Dans le document Les rapports du Conseil d’État (Page 99-105)

2.1.22. Catégories particulières de contrat

Le Conseil d’État a été amené à qualifier des contrats dans deux affaires présentant des configurations contractuelles originales.

2.1.22.1. Dans une première affaire, un grand port maritime (GPM) avait conclu une convention de terminal dans le cadre de l’article R. 5312-84 du code des transports pour confier à une personne privée la gestion et l’exploitation d’un terminal portuaire (CE, 14 février 2017, Société de manutention portuaire d’Aquitaine et Société Grand Port Maritime de Bordeaux, nos 405157, 405183, Rec.). Le Conseil d’État devait déterminer si une telle convention relevait de la commande publique et, si oui, de quelle catégorie contractuelle. Il a jugé que cette convention devait, compte tenu des engagements des parties – engagement de la société à investir sur le terminal, à construire et entretenir les équipements, bâtiments, outillages et terre-pleins nécessaires au maintien et au développement de l’activité portuaire, à assurer l’exploitation technique et commerciale du terminal en ayant la responsabilité des opérations de débarquement, d’embarquement, de manutention et de stockage des conteneurs et autres marchandises, en contrepartie du versement d’une redevance, de la mise à disposition des terrains et ouvrages nécessaires et du droit d’exploiter le terminal –, être regardée non comme une simple convention d’occupation du domaine public, mais comme un contrat administratif conclu pour répondre aux besoins du GPM. Cette convention de terminal ayant pour objet principal l’exécution d’une prestation de services et transférant au cocontractant un risque d’exploitation, elle revêt le caractère d’une concession de services au sens de l’article 5 de l’ordonnance n° 2016-65 du

29 janvier 2016 relative aux contrats de concession. Cette qualification opérée, le Conseil d’État devait ensuite qualifier la « convention de mise en régie » conclue pour confier à un tiers l’exécution des obligations incombant au titulaire de la convention de terminal défaillant. Il juge qu’une telle convention revêt également le caractère d’une concession de services. En l’espèce, le pouvoir adjudicateur a pu conclure, à titre provisoire, un nouveau contrat de concession de services sans respecter au préalable les règles de publicité, l’existence d’un motif d’intérêt général tenant à la continuité du service et d’une situation d’urgence tirée de l’impossibilité à faire exécuter le contrat étant reconnue.
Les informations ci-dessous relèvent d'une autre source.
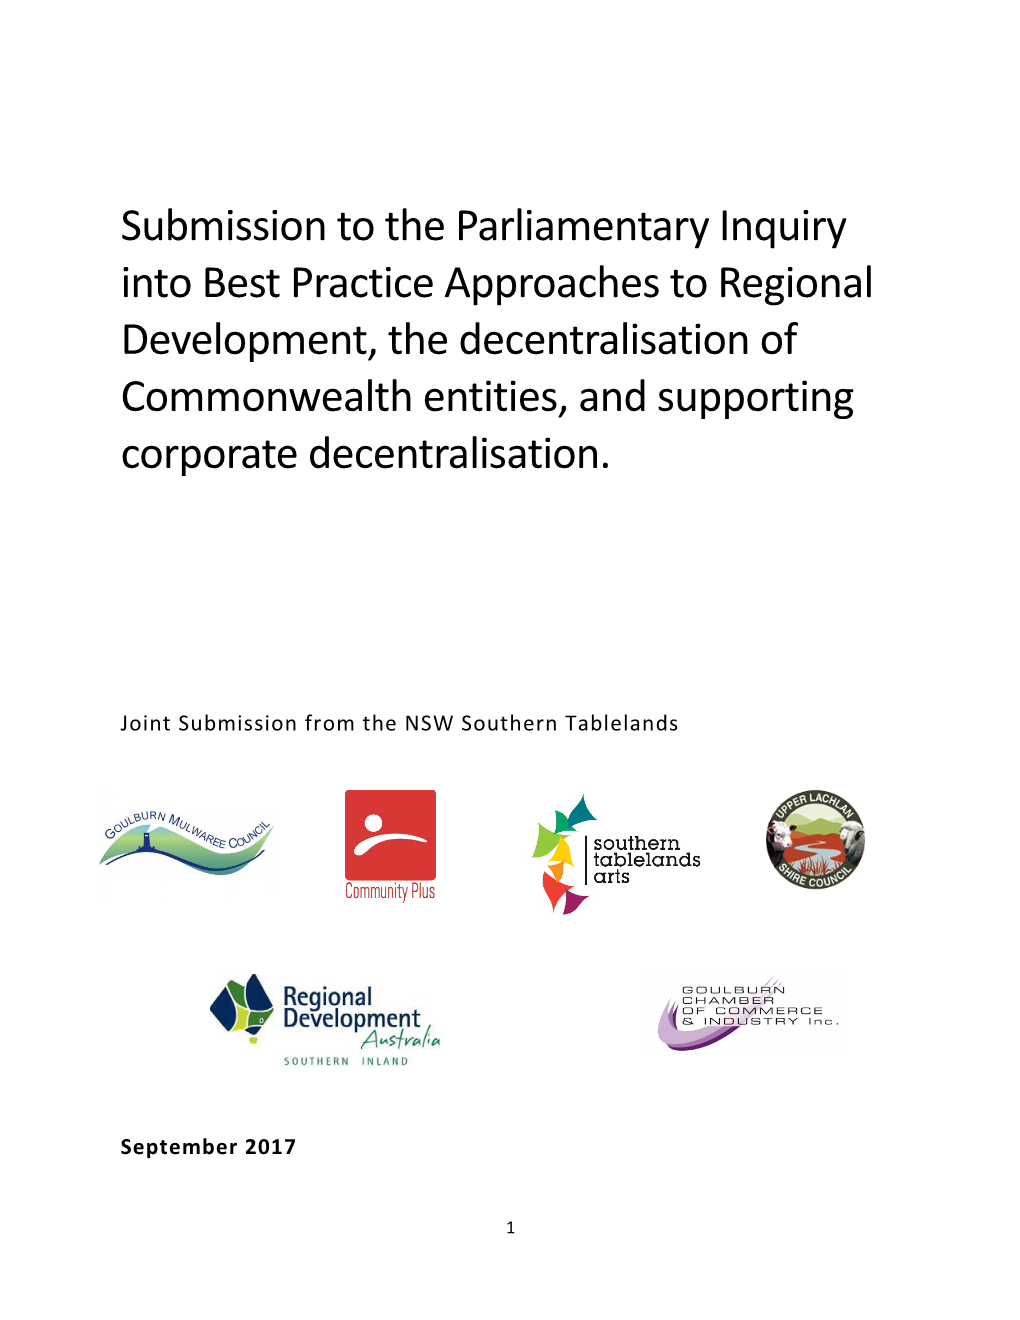 Submission to the Parliamentary Inquiry Into Best Practice Approaches to Regional Development, the Decentralisation of Commonwea

2.1.22.2. Dans une seconde affaire, la commune d’Aix-en-Provence et une société d’économie mixte (SEM) avaient conclu une délégation de service public par laquelle la première avait d’une part confié à la seconde la gestion du service public du stationnement hors voirie, consistant en l’exploitation de parcs de stationnement publics, et, d’autre part, confié la gestion du service public de stationnement sur la voirie. La commune avait par la suite entendu, par une convention dont la suspension était demandée par le préfet, vendre lesdits parcs de stationnement à la SEM et par suite, partiellement résilier la convention initiale, l’exploitation des parcs ne consistant plus en une délégation de service public.

Le Conseil d’État a d’abord estimé que ce que les cocontractants ont présenté comme la « résiliation partielle » d’une ancienne convention datant de 1986 devait en réalité être regardé comme une modification du contrat de concession initial.

En effet, du fait notamment des conditions de son équilibre financier, la concession ayant pour objet de concéder la gestion du service public du stationnement hors voirie et du service public du stationnement sur voirie constituait un ensemble unique.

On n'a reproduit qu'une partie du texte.